Data block:
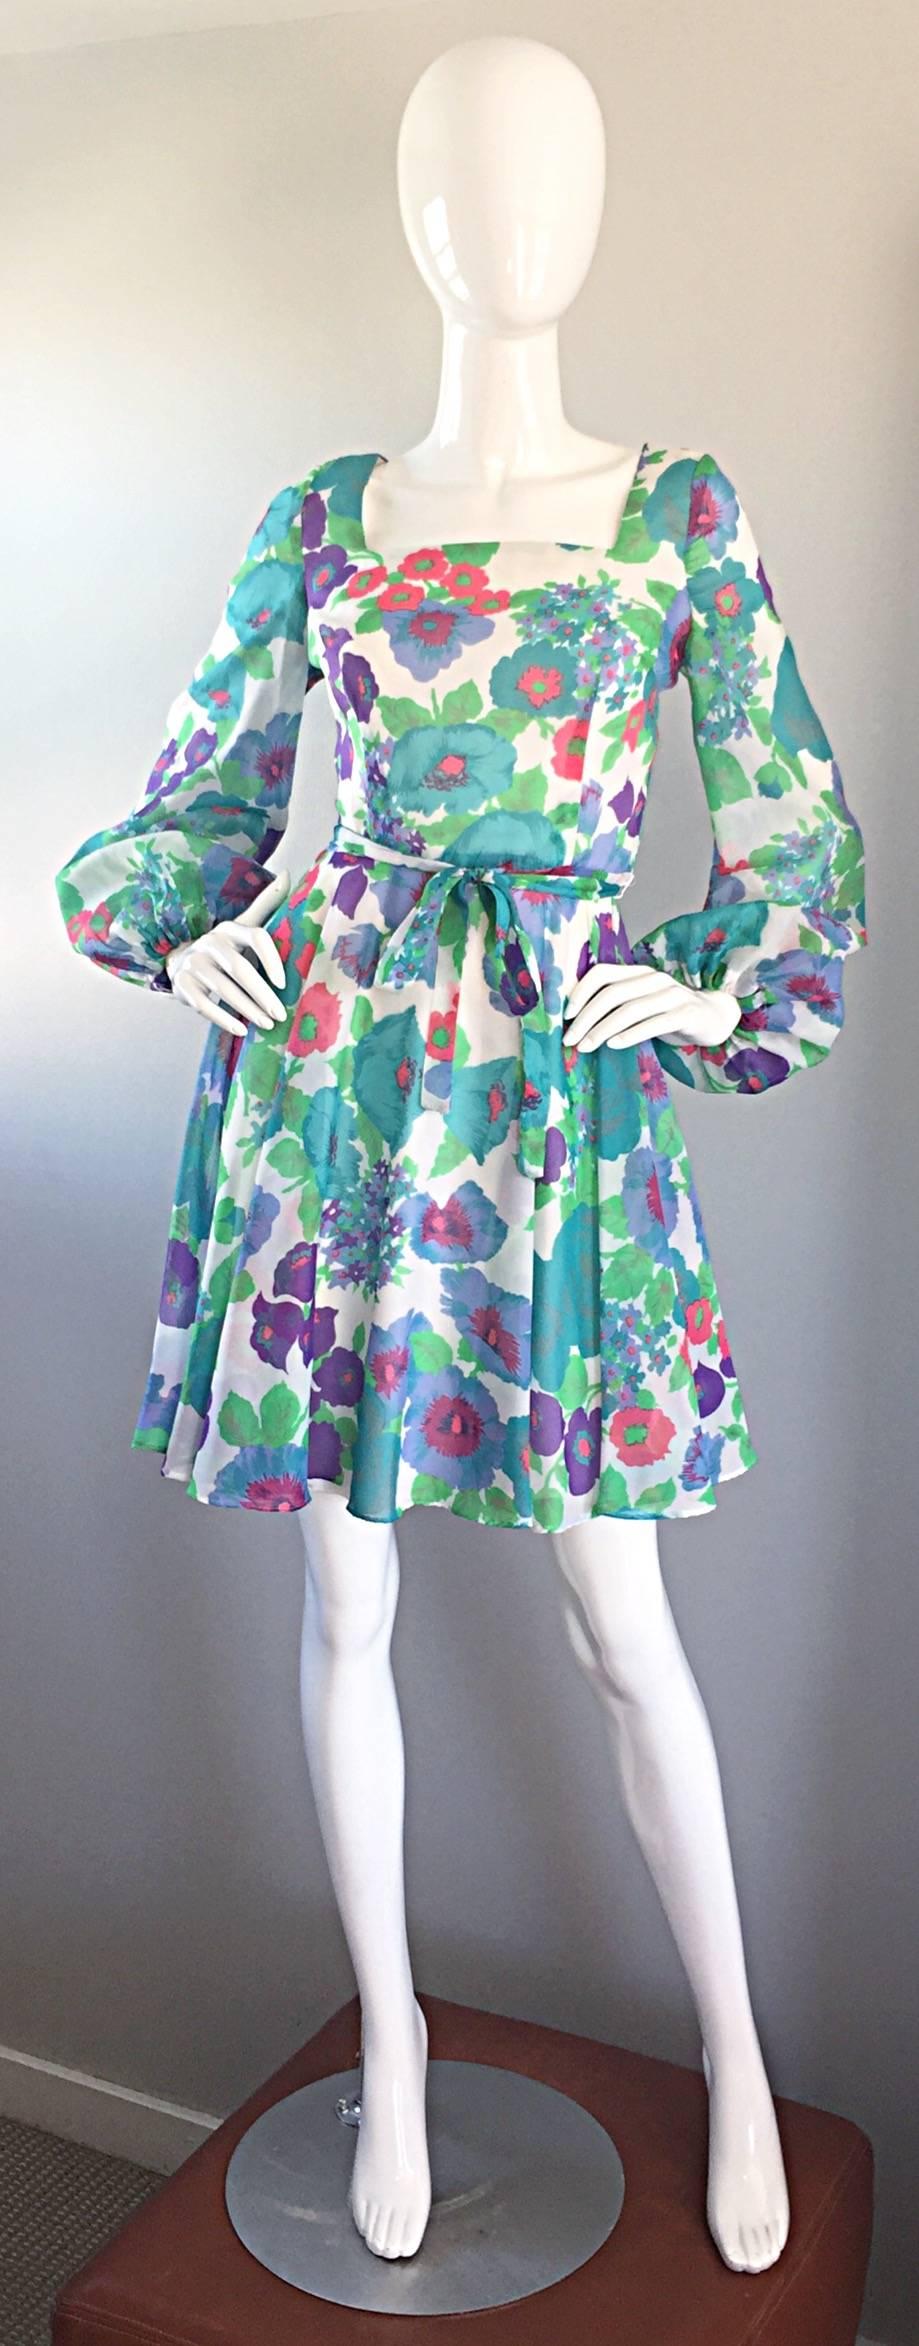 Adorable 60s babydoll dress! Features an allover floral print in blue, green, pink, purple and white! Detachable tie belt at waist. Wonderful full poet sleeves with elastic at wrists. Flattering full skirt with a fitted bodice. Full metal zipper up
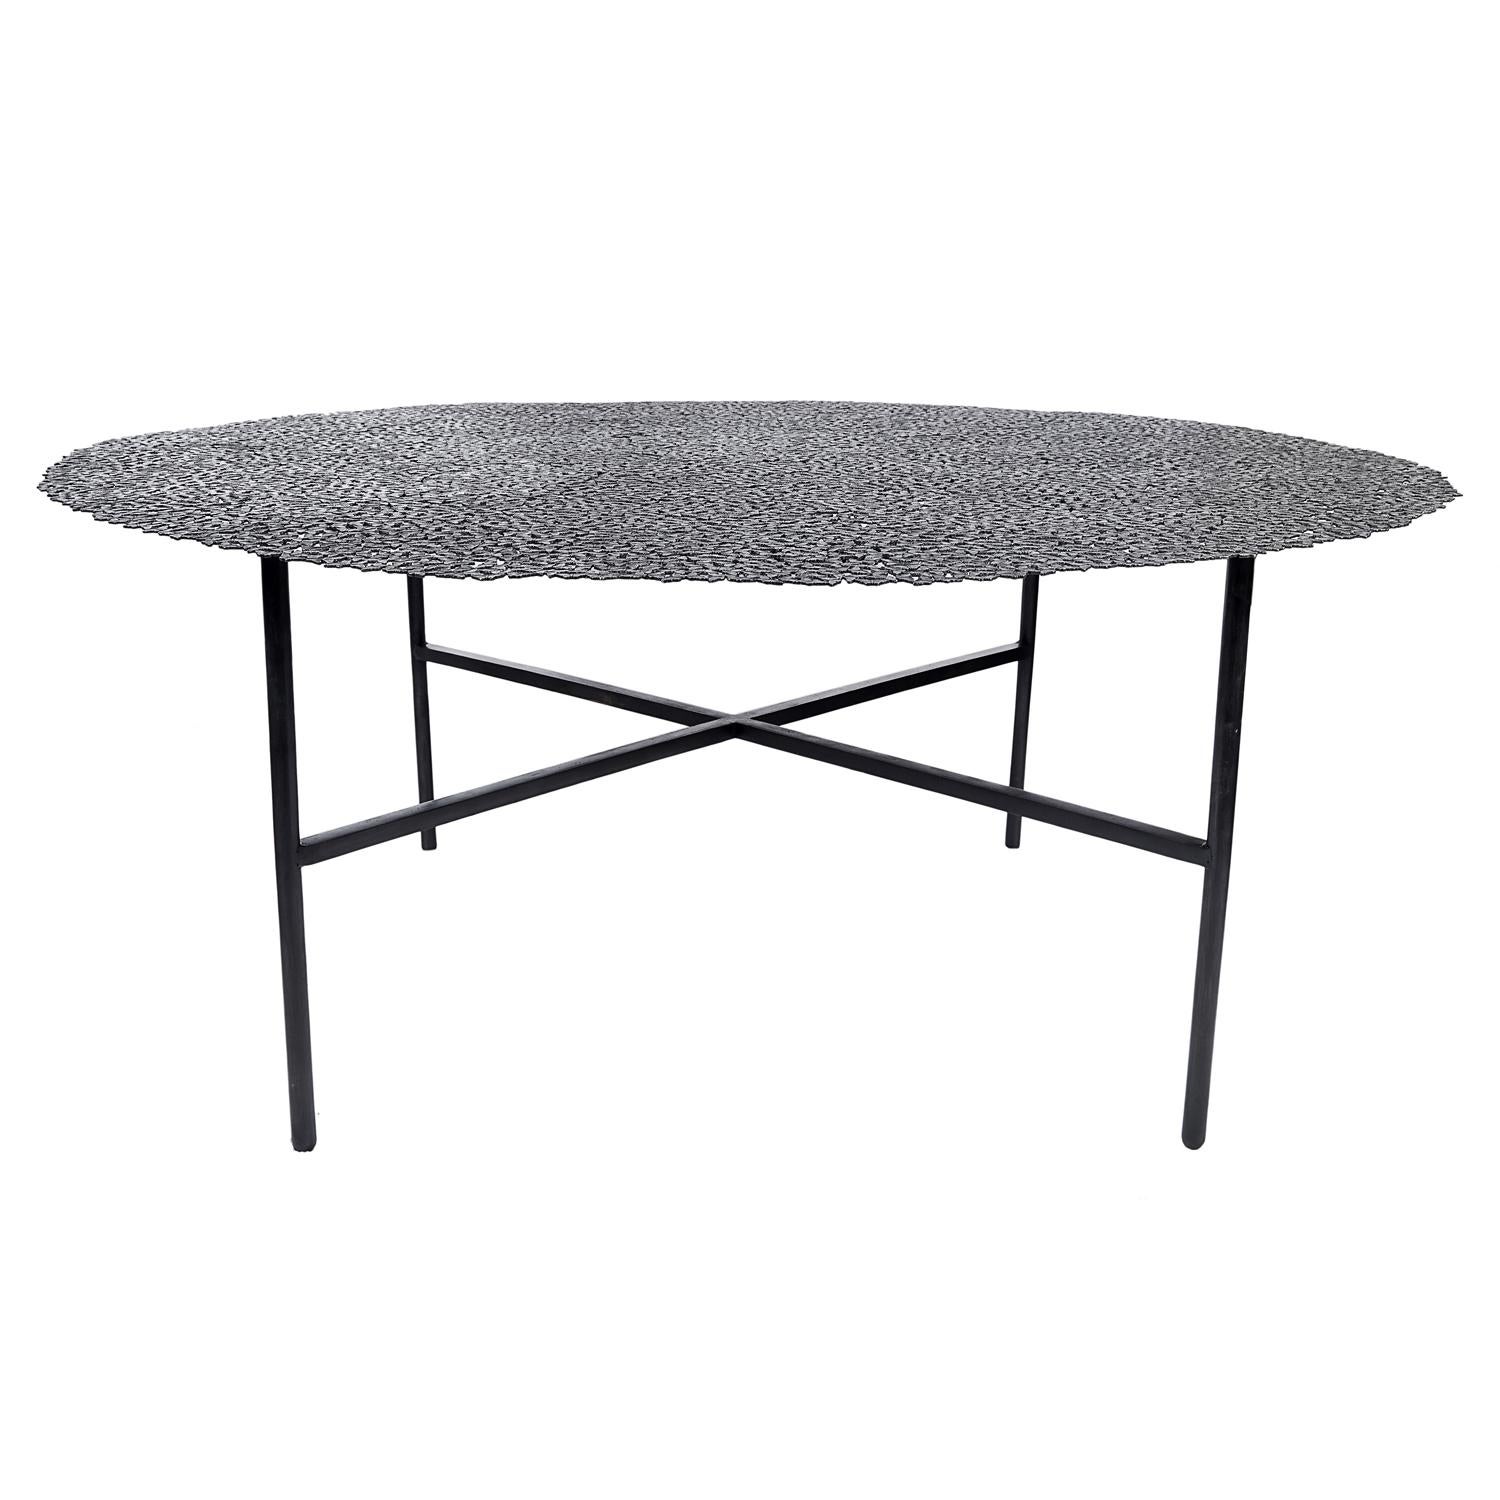 A swarm of butterflies as delicate as a lace table cloth forms an everlasting tabletop in blackened brass, lost wax cast by Italian master craftsmen. A sculptural table for both indoor and outdoor use.

Also available in bronze or white bronze. This
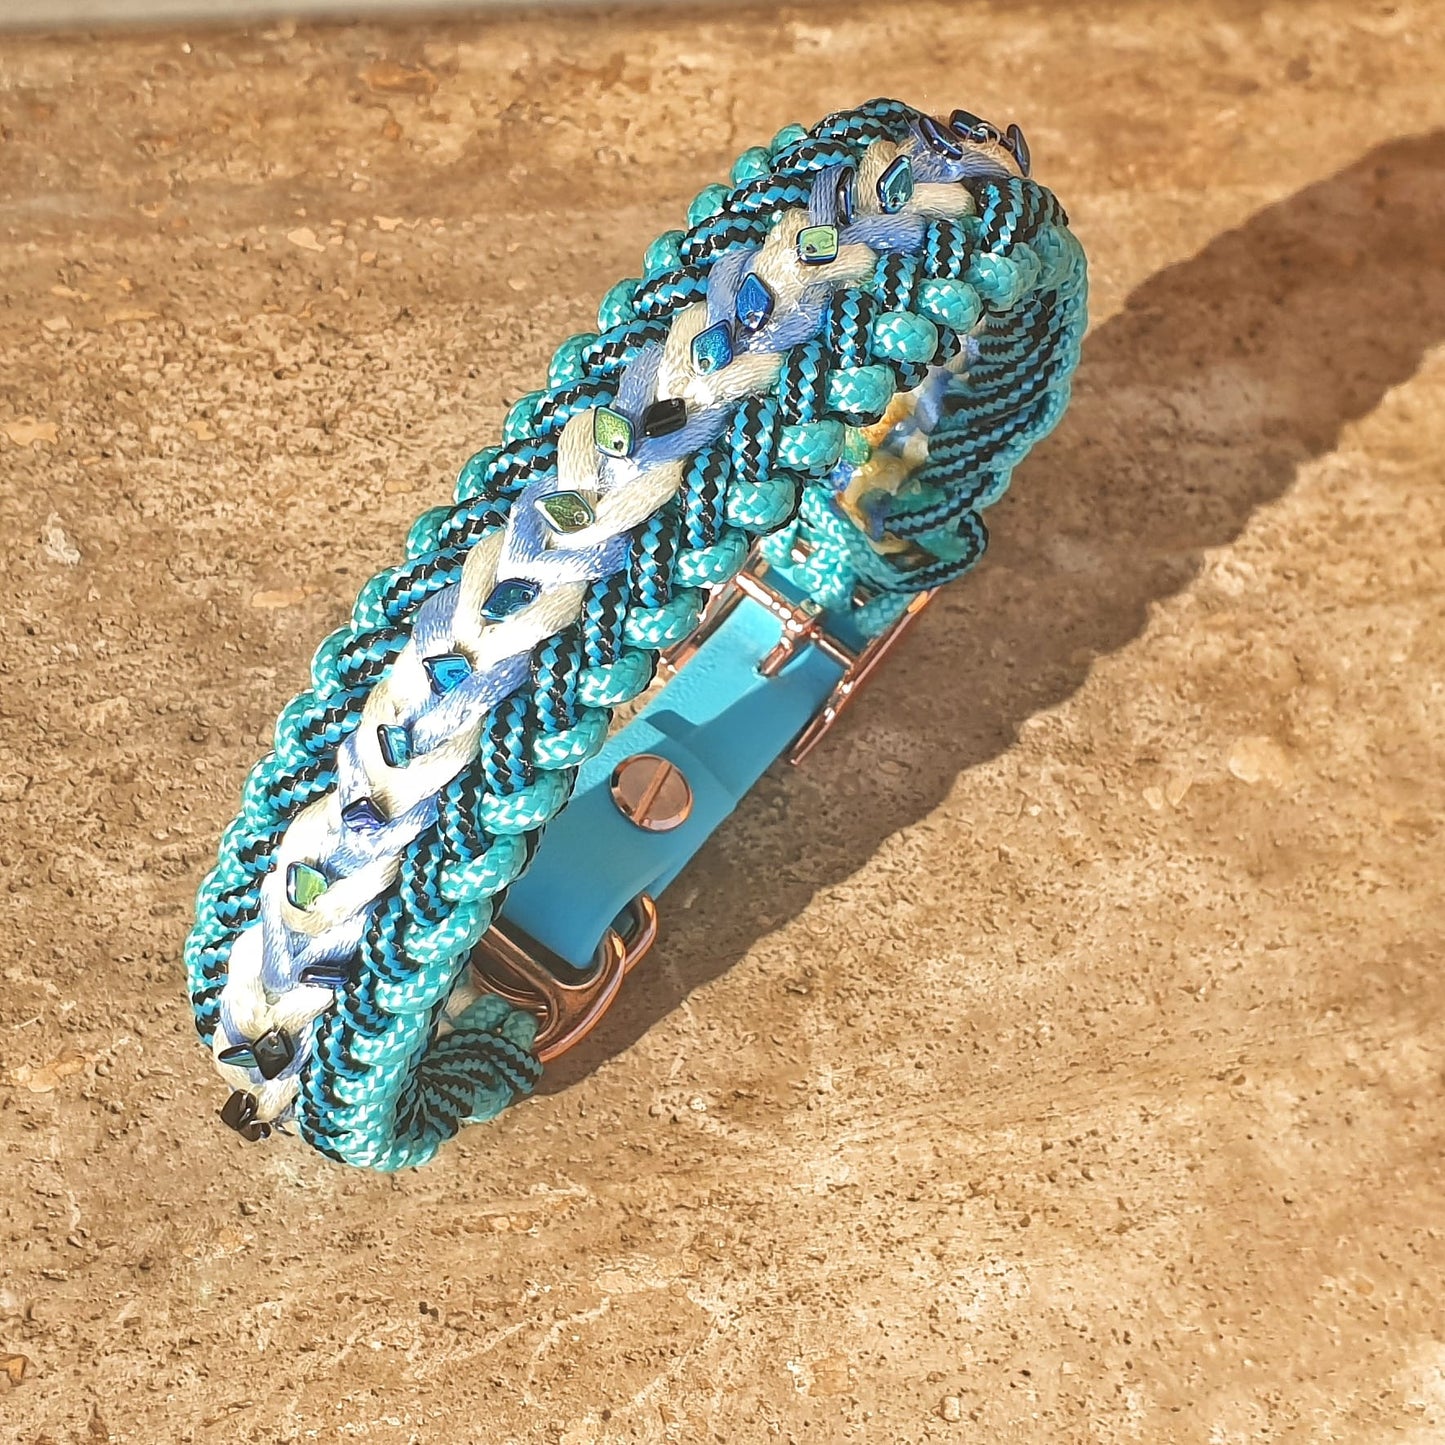 Hand-woven collar and leash with individually sewn beads. Luxury accessories for your Pet.

To do: Please give back every line above exactly as it stands, without pictures.

Task result:
 Adorable 60s babydoll dress! Features an allover floral print in blue, green, pink, purple and white! Detachable tie belt at waist. Wonderful full poet sleeves with elastic at wrists. Flattering full skirt with a fitted bodice. Full metal zipper up
 A swarm of butterflies as delicate as a lace table cloth forms an everlasting tabletop in blackened brass, lost wax cast by Italian master craftsmen. A sculptural table for both indoor and outdoor use.

Also available in bronze or white bronze. This
 Hand-woven collar and leash with individually sewn beads. Luxury accessories for your Pet.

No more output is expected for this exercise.